----- Available data

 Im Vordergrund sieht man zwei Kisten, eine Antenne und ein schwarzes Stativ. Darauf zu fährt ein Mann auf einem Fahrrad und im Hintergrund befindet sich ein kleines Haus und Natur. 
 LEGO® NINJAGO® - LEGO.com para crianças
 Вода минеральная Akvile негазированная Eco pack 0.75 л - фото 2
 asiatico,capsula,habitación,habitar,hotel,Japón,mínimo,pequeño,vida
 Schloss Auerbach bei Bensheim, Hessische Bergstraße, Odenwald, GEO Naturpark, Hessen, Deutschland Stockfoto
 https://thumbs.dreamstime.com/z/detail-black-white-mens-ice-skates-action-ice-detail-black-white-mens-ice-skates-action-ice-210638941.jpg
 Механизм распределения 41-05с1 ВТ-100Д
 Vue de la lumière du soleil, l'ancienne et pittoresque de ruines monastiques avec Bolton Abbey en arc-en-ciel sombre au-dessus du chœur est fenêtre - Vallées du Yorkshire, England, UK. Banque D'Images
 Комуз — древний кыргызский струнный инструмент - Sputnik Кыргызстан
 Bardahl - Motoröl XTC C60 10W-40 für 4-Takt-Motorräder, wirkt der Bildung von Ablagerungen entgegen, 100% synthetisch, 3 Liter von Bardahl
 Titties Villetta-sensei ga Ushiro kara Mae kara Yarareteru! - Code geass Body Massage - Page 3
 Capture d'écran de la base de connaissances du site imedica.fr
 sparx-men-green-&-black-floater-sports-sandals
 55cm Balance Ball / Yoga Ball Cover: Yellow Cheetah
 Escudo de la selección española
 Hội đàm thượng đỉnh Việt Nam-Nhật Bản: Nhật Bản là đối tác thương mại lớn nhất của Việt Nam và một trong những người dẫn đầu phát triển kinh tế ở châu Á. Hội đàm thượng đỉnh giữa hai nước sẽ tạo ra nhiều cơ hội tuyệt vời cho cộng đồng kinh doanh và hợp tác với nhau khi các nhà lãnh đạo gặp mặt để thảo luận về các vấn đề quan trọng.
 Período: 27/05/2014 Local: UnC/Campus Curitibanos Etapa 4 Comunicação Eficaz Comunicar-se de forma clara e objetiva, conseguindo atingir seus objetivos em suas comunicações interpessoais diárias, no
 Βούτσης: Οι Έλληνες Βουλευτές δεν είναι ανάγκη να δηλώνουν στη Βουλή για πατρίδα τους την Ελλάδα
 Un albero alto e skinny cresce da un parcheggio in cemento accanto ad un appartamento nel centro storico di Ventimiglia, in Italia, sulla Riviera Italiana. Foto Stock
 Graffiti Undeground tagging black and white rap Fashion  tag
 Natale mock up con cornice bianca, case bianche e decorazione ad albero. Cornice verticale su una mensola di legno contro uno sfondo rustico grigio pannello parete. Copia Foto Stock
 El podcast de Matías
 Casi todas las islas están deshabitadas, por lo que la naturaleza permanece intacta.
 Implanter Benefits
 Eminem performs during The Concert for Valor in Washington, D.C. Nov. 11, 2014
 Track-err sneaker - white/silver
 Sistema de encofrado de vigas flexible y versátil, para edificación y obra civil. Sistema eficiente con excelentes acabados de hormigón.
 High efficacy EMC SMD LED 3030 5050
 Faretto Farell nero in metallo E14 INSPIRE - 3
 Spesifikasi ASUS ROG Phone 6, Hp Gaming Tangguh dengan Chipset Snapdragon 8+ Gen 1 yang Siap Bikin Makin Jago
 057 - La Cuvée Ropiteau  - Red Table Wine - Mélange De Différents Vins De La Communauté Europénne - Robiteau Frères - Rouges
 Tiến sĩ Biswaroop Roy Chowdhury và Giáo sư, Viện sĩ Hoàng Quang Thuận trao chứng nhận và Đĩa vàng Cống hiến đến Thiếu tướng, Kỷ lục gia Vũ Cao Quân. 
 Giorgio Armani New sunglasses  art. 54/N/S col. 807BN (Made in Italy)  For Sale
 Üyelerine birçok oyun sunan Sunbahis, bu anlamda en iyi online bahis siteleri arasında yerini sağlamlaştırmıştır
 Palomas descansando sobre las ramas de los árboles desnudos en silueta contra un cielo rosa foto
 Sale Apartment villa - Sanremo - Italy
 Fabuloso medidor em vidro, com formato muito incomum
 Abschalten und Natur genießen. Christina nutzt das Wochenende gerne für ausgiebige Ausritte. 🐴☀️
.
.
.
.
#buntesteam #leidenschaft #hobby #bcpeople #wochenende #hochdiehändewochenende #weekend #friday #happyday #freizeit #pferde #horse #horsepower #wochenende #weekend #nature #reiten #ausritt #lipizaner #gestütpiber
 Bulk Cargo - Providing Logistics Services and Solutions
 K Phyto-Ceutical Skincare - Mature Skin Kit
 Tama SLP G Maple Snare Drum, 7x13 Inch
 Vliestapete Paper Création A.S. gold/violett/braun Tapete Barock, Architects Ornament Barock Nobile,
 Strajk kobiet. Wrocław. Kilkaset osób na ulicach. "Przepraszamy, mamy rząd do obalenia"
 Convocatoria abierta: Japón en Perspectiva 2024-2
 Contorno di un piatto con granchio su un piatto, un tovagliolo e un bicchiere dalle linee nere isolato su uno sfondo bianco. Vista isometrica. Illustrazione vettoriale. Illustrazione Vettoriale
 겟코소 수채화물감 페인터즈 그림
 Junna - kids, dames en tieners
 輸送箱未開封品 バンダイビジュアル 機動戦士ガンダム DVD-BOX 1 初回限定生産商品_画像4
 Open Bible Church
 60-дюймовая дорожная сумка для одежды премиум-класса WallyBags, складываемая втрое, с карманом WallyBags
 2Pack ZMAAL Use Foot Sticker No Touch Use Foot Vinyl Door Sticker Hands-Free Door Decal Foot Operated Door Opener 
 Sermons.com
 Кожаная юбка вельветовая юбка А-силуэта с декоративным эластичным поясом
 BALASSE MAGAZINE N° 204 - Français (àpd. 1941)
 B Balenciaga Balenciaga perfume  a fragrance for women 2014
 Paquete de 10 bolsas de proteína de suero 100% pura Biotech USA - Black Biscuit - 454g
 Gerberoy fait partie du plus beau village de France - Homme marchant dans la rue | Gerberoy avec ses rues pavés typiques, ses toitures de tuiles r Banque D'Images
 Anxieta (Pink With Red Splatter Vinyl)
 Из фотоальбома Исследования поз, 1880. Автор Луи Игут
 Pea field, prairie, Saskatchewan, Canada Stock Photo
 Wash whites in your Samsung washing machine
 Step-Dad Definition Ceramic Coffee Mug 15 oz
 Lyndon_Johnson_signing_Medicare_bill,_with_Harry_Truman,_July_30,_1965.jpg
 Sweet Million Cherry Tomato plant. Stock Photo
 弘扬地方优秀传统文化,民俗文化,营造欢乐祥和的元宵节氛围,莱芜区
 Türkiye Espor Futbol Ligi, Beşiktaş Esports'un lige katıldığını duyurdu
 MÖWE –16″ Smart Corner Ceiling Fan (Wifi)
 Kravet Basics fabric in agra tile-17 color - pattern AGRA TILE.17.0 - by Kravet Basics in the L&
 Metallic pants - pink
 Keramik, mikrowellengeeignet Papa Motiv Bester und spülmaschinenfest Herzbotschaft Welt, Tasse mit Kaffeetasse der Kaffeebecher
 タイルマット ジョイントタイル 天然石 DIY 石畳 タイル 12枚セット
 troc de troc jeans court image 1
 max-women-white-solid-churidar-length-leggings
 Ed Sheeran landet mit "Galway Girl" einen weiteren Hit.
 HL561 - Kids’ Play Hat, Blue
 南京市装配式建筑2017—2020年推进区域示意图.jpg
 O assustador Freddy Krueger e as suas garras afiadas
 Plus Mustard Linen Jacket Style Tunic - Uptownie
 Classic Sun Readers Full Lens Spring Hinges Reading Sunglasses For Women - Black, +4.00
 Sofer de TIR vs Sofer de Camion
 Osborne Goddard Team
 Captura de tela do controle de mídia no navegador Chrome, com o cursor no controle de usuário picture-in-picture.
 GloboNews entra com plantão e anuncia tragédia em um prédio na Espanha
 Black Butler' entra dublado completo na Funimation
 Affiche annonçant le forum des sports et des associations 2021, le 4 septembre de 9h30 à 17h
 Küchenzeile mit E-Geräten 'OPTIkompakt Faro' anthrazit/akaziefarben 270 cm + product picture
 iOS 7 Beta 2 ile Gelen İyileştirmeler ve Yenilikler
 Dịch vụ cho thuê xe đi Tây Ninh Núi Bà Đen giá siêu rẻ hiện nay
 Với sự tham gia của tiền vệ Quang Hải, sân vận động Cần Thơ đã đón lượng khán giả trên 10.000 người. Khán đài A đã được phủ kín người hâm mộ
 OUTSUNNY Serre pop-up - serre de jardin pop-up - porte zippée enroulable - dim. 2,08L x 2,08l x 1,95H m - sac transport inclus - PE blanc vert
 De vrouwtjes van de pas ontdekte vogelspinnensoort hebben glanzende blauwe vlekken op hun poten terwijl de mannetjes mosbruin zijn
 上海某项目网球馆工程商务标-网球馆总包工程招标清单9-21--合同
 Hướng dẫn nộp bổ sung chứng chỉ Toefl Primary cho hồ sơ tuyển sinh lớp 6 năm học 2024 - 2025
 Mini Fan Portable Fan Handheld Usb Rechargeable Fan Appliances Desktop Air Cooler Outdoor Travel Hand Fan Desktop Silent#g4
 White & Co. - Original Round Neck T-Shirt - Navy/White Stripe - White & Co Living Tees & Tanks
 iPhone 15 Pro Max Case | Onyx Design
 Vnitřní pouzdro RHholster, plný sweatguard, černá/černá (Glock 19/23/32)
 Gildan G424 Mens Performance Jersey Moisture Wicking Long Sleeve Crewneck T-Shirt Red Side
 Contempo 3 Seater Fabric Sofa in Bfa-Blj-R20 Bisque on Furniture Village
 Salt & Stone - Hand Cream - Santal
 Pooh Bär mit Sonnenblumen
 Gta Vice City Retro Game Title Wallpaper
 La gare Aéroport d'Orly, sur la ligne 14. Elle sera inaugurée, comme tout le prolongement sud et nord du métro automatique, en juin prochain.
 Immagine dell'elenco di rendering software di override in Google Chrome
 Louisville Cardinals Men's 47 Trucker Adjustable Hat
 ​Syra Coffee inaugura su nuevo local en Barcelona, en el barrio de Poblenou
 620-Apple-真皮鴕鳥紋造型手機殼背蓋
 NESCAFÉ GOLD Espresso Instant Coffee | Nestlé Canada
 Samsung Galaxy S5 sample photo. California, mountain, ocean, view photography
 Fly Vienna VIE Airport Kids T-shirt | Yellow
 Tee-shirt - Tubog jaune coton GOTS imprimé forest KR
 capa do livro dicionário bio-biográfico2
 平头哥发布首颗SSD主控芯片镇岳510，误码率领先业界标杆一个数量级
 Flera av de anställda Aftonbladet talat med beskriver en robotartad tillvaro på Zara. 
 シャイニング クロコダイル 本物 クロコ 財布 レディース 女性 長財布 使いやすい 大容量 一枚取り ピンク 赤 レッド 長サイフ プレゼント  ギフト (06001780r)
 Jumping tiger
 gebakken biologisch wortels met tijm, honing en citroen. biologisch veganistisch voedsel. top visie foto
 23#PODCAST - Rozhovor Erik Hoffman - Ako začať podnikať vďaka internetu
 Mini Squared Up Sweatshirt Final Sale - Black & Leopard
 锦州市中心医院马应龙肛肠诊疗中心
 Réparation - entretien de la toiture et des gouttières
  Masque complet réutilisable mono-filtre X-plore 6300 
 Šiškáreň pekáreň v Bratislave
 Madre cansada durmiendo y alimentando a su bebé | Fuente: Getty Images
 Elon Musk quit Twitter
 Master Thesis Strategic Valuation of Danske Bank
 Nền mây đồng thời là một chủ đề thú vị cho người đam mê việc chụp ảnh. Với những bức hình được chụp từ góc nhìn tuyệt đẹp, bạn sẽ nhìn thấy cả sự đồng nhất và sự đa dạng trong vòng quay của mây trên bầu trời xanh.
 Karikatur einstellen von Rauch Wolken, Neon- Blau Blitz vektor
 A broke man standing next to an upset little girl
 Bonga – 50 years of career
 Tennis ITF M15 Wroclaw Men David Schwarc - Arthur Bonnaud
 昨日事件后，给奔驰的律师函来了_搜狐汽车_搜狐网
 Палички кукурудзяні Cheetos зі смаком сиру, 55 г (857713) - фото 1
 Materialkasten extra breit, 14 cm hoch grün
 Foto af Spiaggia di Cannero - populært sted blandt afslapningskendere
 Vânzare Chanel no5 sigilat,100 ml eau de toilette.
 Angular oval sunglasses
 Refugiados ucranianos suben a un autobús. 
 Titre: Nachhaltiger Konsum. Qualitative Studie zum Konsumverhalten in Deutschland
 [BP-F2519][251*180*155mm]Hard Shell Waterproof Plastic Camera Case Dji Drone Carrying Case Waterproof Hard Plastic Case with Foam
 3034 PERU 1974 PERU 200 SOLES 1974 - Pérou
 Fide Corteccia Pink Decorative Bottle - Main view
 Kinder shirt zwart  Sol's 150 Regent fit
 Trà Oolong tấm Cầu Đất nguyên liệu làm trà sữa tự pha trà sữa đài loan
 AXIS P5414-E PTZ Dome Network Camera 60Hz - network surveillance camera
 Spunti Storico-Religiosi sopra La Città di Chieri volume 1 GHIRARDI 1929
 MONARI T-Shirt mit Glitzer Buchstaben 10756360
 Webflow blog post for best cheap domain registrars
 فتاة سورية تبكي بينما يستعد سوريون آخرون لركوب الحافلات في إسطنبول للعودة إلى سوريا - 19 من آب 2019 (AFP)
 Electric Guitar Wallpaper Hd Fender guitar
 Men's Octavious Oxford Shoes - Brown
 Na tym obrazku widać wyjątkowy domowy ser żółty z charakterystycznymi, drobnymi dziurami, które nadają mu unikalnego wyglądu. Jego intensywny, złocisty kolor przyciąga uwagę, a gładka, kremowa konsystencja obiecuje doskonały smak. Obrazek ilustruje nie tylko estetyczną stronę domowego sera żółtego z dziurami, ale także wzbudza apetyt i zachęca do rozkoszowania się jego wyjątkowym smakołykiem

----------

Taking the entries above, write out exactly the lines starting with the line containing "Contempo 3 Seater" and going on through the line containing "Fly Vienna VIE Airport Kids T-shirt | Yellow", both included, and nothing else.

 Contempo 3 Seater Fabric Sofa in Bfa-Blj-R20 Bisque on Furniture Village
 Salt & Stone - Hand Cream - Santal
 Pooh Bär mit Sonnenblumen
 Gta Vice City Retro Game Title Wallpaper
 La gare Aéroport d'Orly, sur la ligne 14. Elle sera inaugurée, comme tout le prolongement sud et nord du métro automatique, en juin prochain.
 Immagine dell'elenco di rendering software di override in Google Chrome
 Louisville Cardinals Men's 47 Trucker Adjustable Hat
 ​Syra Coffee inaugura su nuevo local en Barcelona, en el barrio de Poblenou
 620-Apple-真皮鴕鳥紋造型手機殼背蓋
 NESCAFÉ GOLD Espresso Instant Coffee | Nestlé Canada
 Samsung Galaxy S5 sample photo. California, mountain, ocean, view photography
 Fly Vienna VIE Airport Kids T-shirt | Yellow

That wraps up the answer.